Re: [Doxygen-develop] Adding of new (all) HTML entities? A oneline solution?

SourceForge Headquarters 225 Broadway Suite 1600 San Diego, CA 92101 +1 (858) 422-6466

>  -1 In the regex, there is [a-zA-Z0-9]{$} where $ is 1,2,3 or 4.
>       I think this means repeat $ times an alphanumeric value.
>       (I'm using Regular Expression syntax of Python 1.5, I hope
>       that's the sames rules Doxygen uses).
>
It is the regexp rules of flex you are using. Read the man-page for flex
for the full documentation of the regexp syntax available. Here is a short
snippet

PATTERNS
     The patterns in the input are written using an extended  set
     of regular expressions.  These are:

         x          match the character 'x'
         .          any character (byte) except newline
         [xyz]      a "character class"; in this case, the pattern
                      matches either an 'x', a 'y', or a 'z'
         [abj-oZ]   a "character class" with a range in it; matches
                      an 'a', a 'b', any letter from 'j' through 'o',
                      or a 'Z'
         [^A-Z]     a "negated character class", i.e., any character
                      but those in the class.  In this case, any
                      character EXCEPT an uppercase letter.
         [^A-Z\n]   any character EXCEPT an uppercase letter or
                      a newline
         r*         zero or more r's, where r is any regular expression
         r+         one or more r's
         r?         zero or one r's (that is, "an optional r")
         r{2,5}     anywhere from two to five r's
         r{2,}      two or more r's
         r{4}       exactly 4 r's
         {name}     the expansion of the "name" definition
                    (see above)
         "[xyz]\"foo"
                    the literal string: [xyz]"foo
         \X         if X is an 'a', 'b', 'f', 'n', 'r', 't', or 'v',
                      then the ANSI-C interpretation of \x.
                      Otherwise, a literal 'X' (used to escape
                      operators such as '*')
         \0         a NUL character (ASCII code 0)
         \123       the character with octal value 123
         \x2a       the character with hexadecimal value 2a
         (r)        match an r; parentheses are used to override
                      precedence (see below)

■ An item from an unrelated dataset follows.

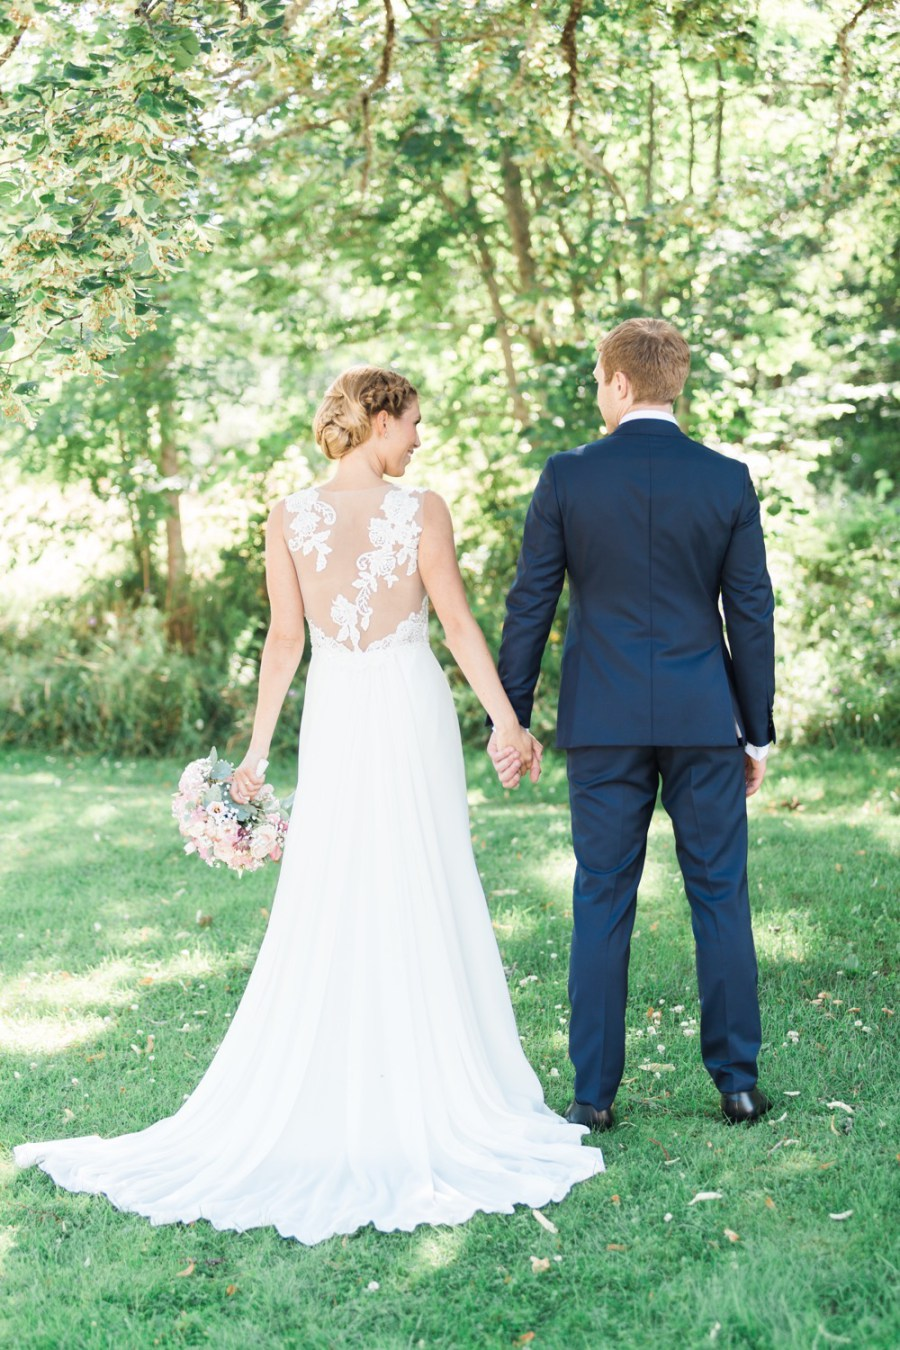 elegant-swedish-wedding-by-emelie-petre50

(this is only a part of the regular expressions available)

But I think that you can use the {$} syntax if I understand the above text
correctly. :)

> By longest matching, you certainly means the more restrictive, the more
> precise. So I think this will work.I will provide changes soon.
> 
Yes. :)

> Sorry for newbie questions. I just wanted to help a little (for my needs
> first), I'm simply maintainer of the French location of Doxygen. :-)
> [...]
> 
Aren't we all newbies? ;)

If you add the '-r' switch to flex when it generates the C-source code it
will insert debug printouts, giving verbose information about what happens
when it parses the text.

Also, the default behaviour of flex is to print everything it can't match
to stdout (this is the default rule which is always active). However, the
flex code in doc.l (and scanner.l) has defined a rule which overrides the
default rule which silently ignores text it can't match. If you modify the
"match-all" rule so it looks like this

<*>.                                    { ECHO; }

you will "restore" the default behaviour (I think).

/John